START Input

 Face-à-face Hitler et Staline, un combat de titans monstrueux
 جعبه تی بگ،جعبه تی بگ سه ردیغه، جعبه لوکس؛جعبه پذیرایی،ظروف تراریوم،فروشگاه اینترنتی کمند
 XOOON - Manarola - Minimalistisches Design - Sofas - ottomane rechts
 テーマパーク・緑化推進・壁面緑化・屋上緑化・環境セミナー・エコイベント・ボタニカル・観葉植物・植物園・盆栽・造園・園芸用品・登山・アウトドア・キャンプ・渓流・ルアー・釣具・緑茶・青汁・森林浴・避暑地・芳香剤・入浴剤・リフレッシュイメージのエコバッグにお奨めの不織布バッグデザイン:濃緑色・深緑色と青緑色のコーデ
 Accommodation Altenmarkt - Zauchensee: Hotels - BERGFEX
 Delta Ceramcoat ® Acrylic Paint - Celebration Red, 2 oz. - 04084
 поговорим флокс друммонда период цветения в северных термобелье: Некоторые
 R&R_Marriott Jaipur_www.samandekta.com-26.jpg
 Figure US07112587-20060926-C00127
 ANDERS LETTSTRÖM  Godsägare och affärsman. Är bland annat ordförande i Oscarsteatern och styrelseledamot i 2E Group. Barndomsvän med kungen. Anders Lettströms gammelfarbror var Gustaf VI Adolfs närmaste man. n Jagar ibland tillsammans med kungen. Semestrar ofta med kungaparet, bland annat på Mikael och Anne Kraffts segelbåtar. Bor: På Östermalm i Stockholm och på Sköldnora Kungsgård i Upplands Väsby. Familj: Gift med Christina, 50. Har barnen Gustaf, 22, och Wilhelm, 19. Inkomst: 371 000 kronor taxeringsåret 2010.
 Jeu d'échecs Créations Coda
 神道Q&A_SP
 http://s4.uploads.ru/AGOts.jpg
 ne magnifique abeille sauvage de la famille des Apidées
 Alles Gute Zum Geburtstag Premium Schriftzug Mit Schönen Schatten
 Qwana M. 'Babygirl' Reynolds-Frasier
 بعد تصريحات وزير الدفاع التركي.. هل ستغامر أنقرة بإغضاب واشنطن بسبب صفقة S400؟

END Input

What to produce:
Stop at the line containing "Figure US07112587-20060926-C00127". Please print exactly every line before it from the start of the records, plus that line itself, and nothing else.

Result for this exercise:
 Face-à-face Hitler et Staline, un combat de titans monstrueux
 جعبه تی بگ،جعبه تی بگ سه ردیغه، جعبه لوکس؛جعبه پذیرایی،ظروف تراریوم،فروشگاه اینترنتی کمند
 XOOON - Manarola - Minimalistisches Design - Sofas - ottomane rechts
 テーマパーク・緑化推進・壁面緑化・屋上緑化・環境セミナー・エコイベント・ボタニカル・観葉植物・植物園・盆栽・造園・園芸用品・登山・アウトドア・キャンプ・渓流・ルアー・釣具・緑茶・青汁・森林浴・避暑地・芳香剤・入浴剤・リフレッシュイメージのエコバッグにお奨めの不織布バッグデザイン:濃緑色・深緑色と青緑色のコーデ
 Accommodation Altenmarkt - Zauchensee: Hotels - BERGFEX
 Delta Ceramcoat ® Acrylic Paint - Celebration Red, 2 oz. - 04084
 поговорим флокс друммонда период цветения в северных термобелье: Некоторые
 R&R_Marriott Jaipur_www.samandekta.com-26.jpg
 Figure US07112587-20060926-C00127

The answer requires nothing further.